Furthermore, values such as tooth profile, tooth trace, and pitch error measured by the gear alone are used, so that there is no waste of measurement work for performing a meshing test separately from them.

[Brief description of the drawings]

FIG. 1 is a system diagram of one embodiment of the present invention.

FIG. 2 is a principle view of a conventional single-tooth surface meshing tester.

FIG. 3 is a schematic view showing a tooth surface maintaining contact.

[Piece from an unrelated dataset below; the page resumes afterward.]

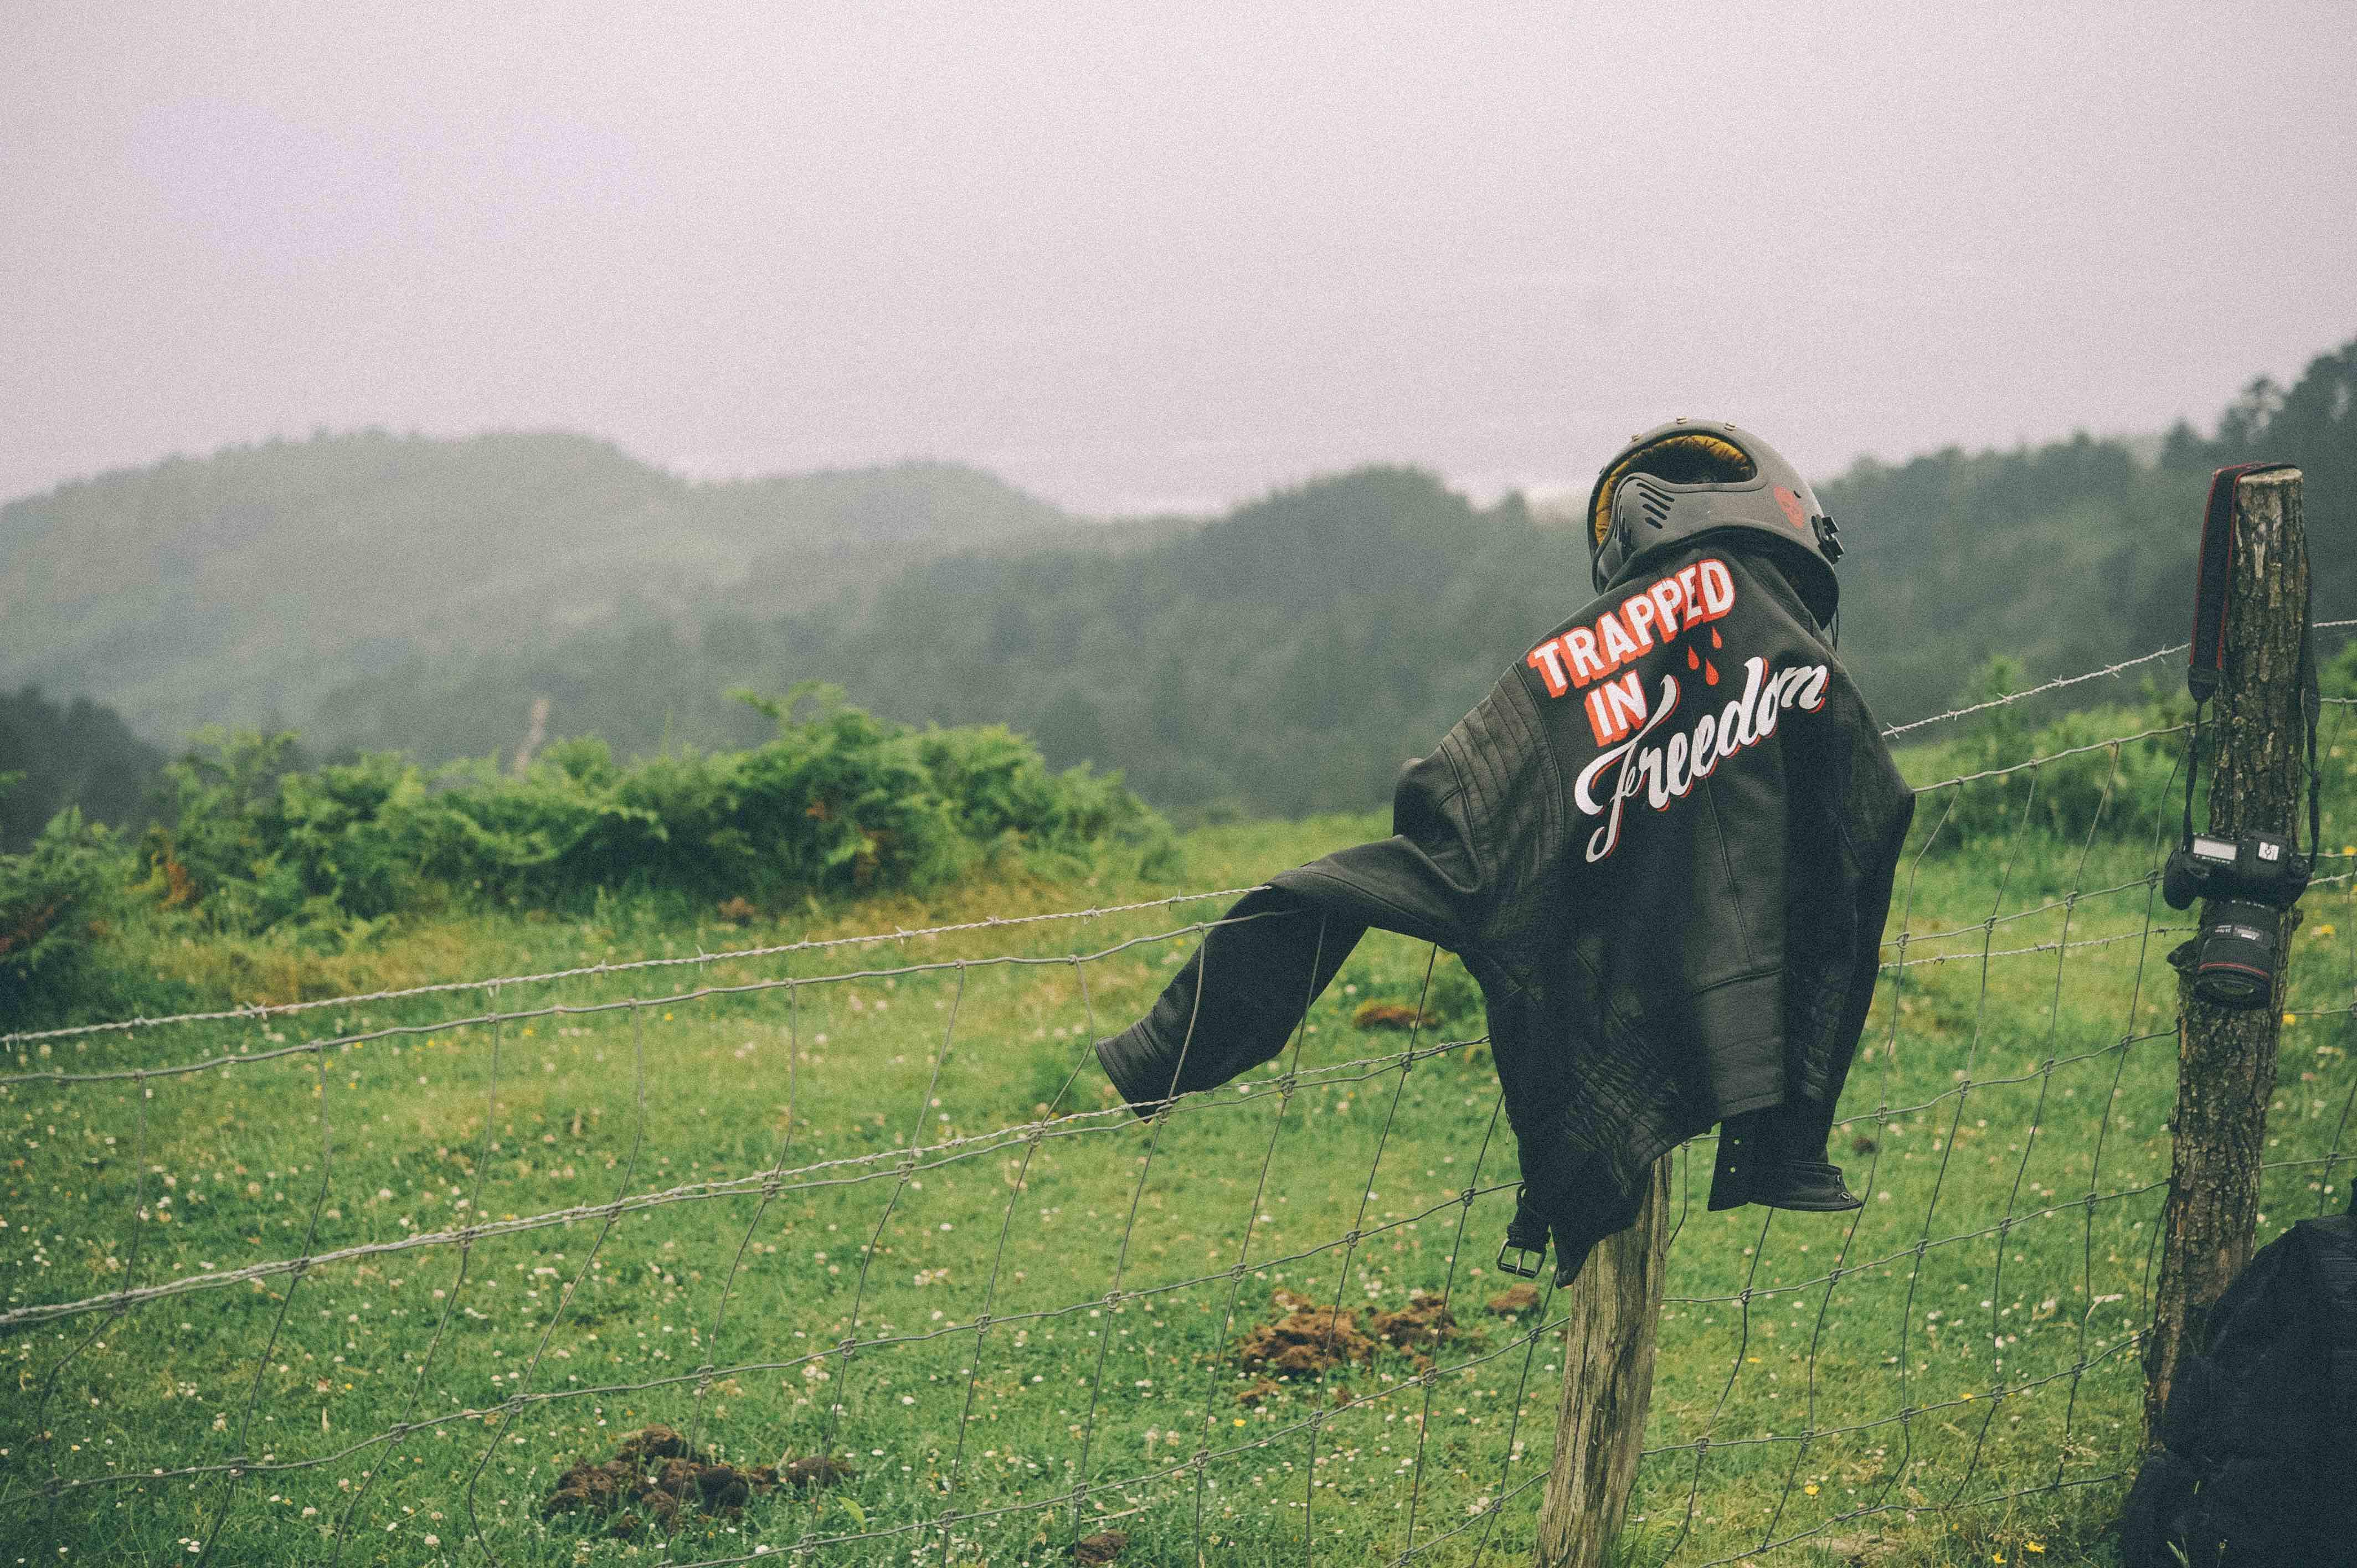 Huck-TriumphAdvertorial-PhotobyAmauryChibotWheelsWaves2017-Web5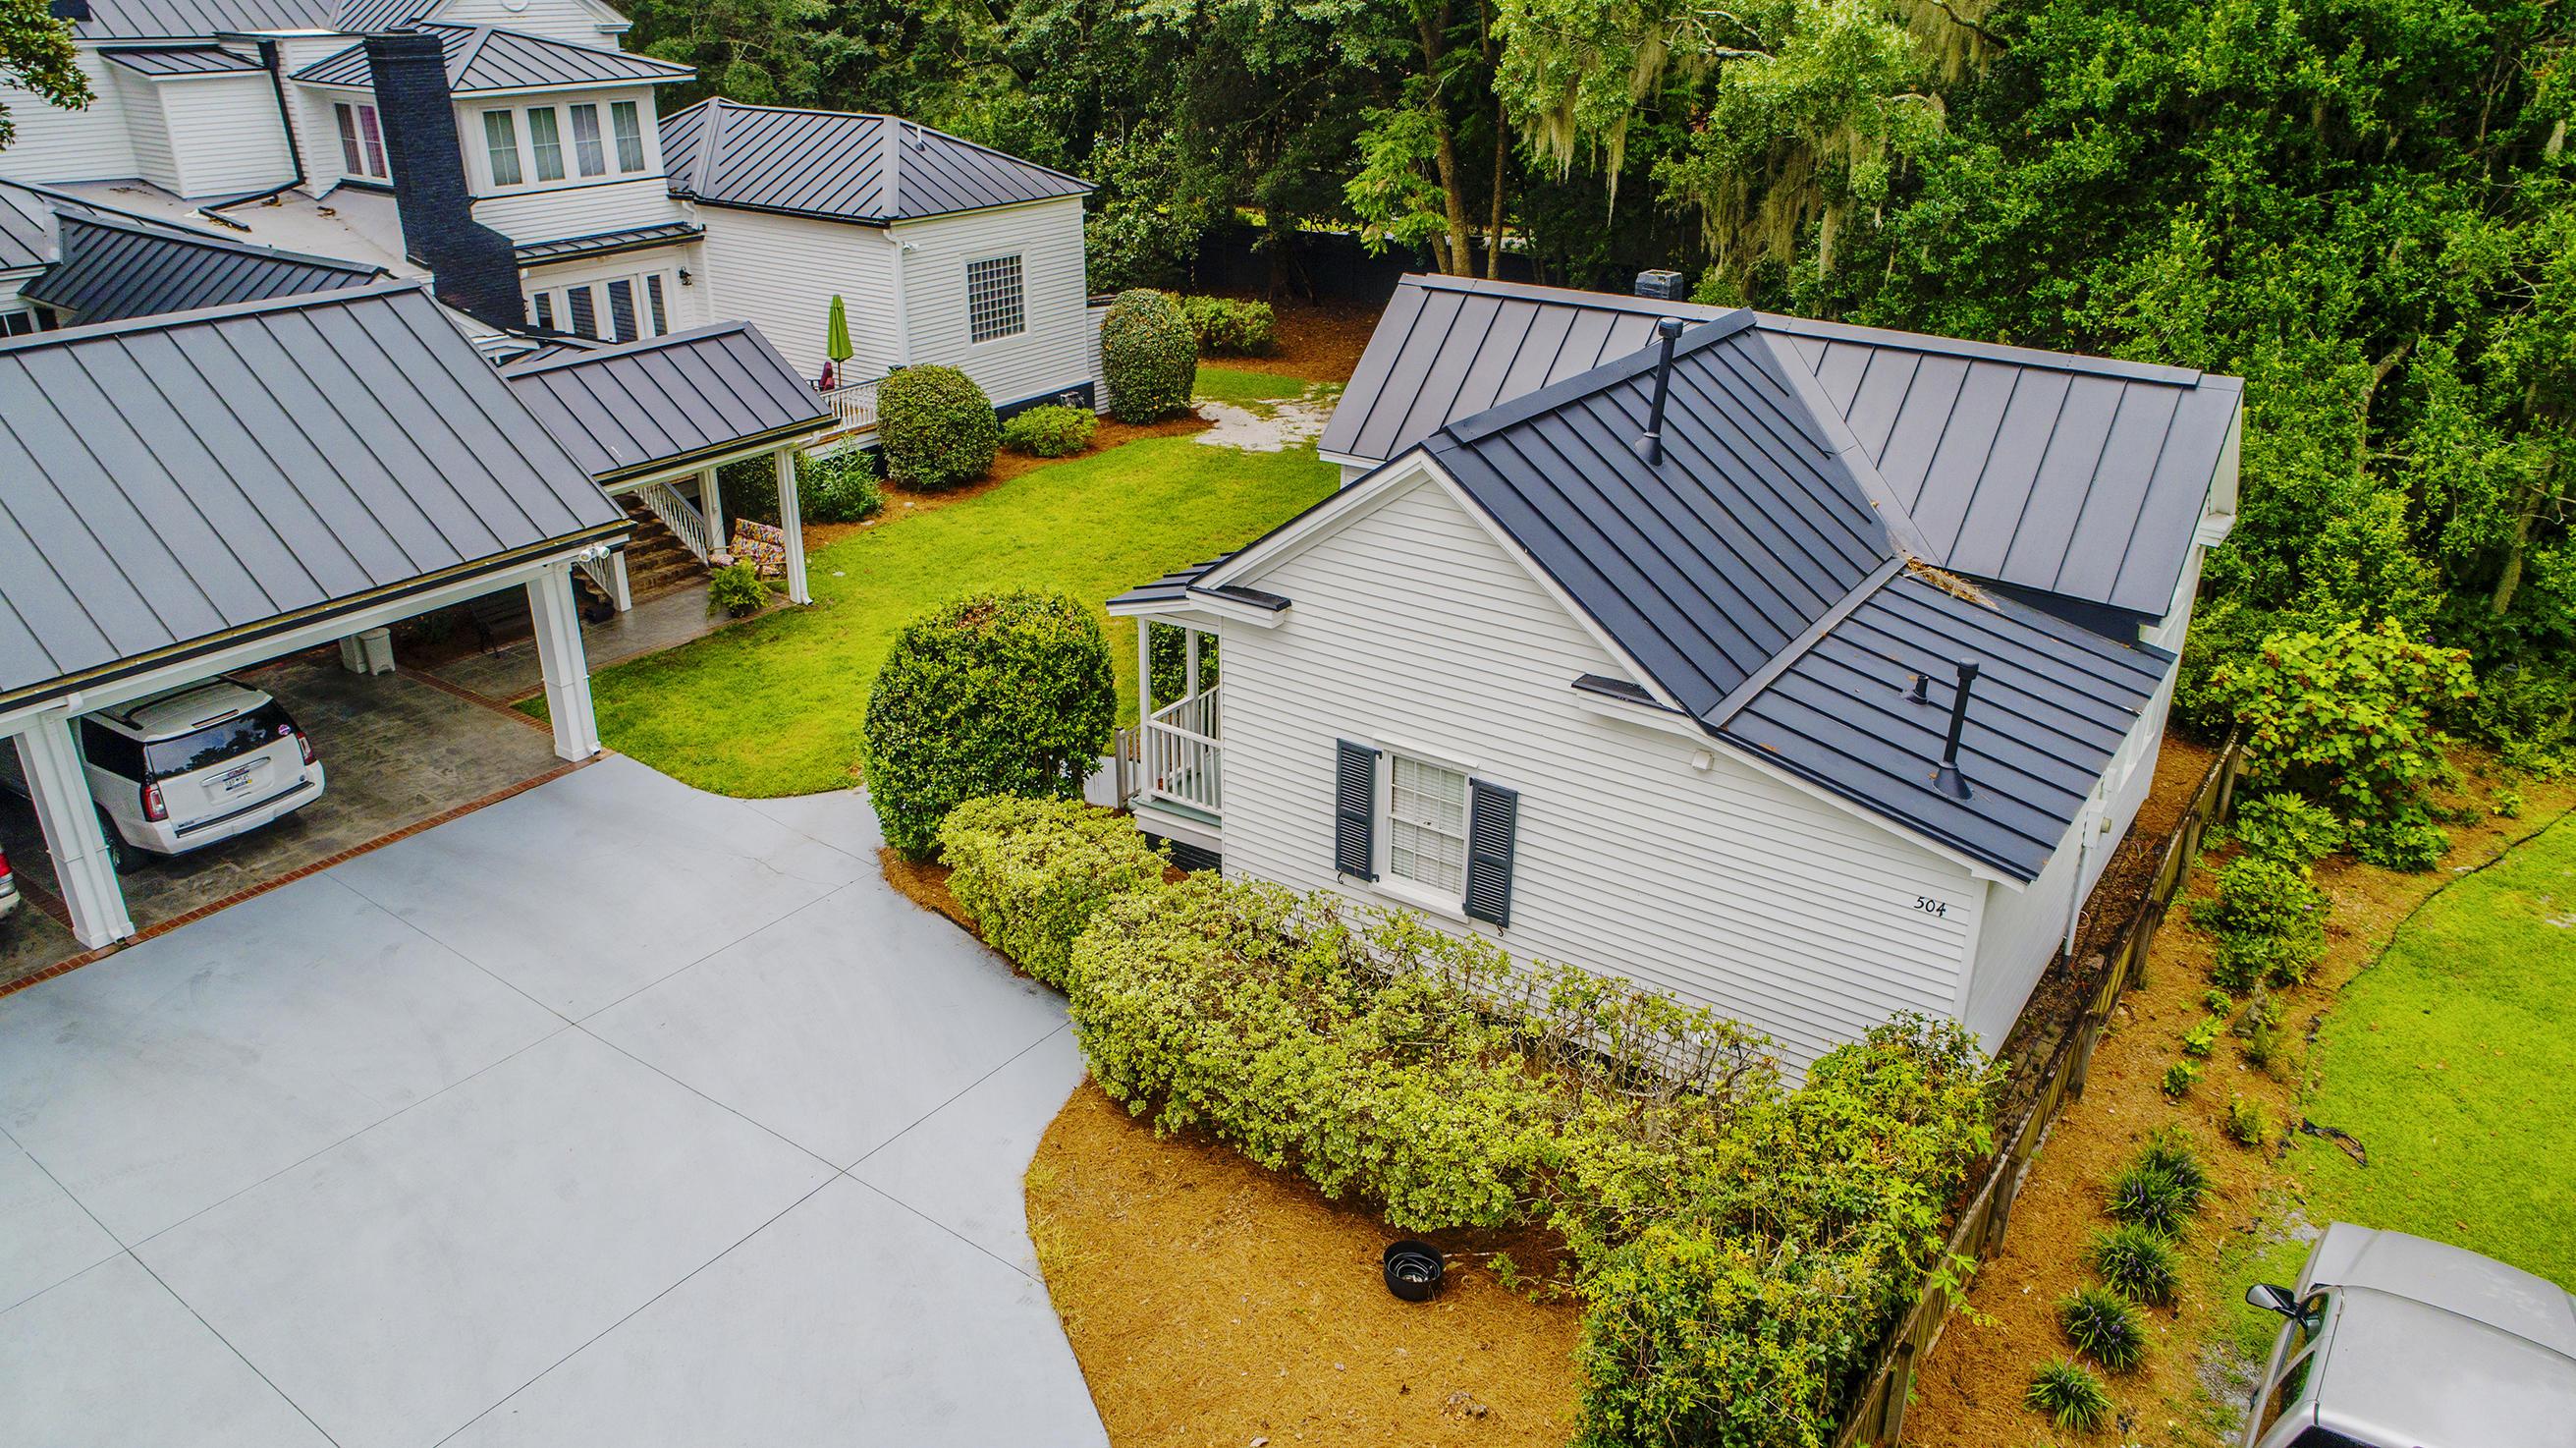 Summerville Homes For Sale - 102 Hickory, Summerville, SC - 72

FIG. 4 is a schematic diagram showing biting of a tooth surface by a theoretical rotation angle.

[Explanation of symbols]

DESCRIPTION OF SYMBOLS 1 ... Measurement unit 2 ... Storage device 3 ... Recording medium 4 ... External information device 5 ... Computing device 6 ... Output device 11 ... Measurement data 12 ... Calculation conditions 15 ... Rotation transmission error graph 31 ... Drive-side tooth surface 32 ... Driven-side tooth surface 33 ... Drive-side rotation angle 34 ... Driven-side rotation angle 35 ... Theoretical drive-side rotation angle 36 ... … Theoretical rotation angle on the driven side 37… Decrease between tooth surfaces 81… Gear pair 83… Drive shaft 83… Drive shaft 84… Rotation transmission error

──────────────────────────────────────────────────続 き Continued on the front page (58) Field surveyed (Int.Cl. ⁷ , DB name) G01M 13/02 G01B 21/20 102

Claims (3)

(57) [Claims] 1. A of the measured gear tooth profile error, the gear inspection machine having at least one possible measurement mechanism of the tooth trace error and pitch error, only setting a storage means for storing said measured error, the The error data for the specified gear stored in the storage means is reduced by an external command.
A gear inspection machine which calculates and outputs an angle transmission error of a gear pair by giving at least a center distance . 2. A gear inspection machine according to claim 1, wherein said storage means is capable of recording on or reading from a recording medium. 3. The gear inspection machine according to claim 1, wherein the error data stored in said storage means can be communicated with an external operation means.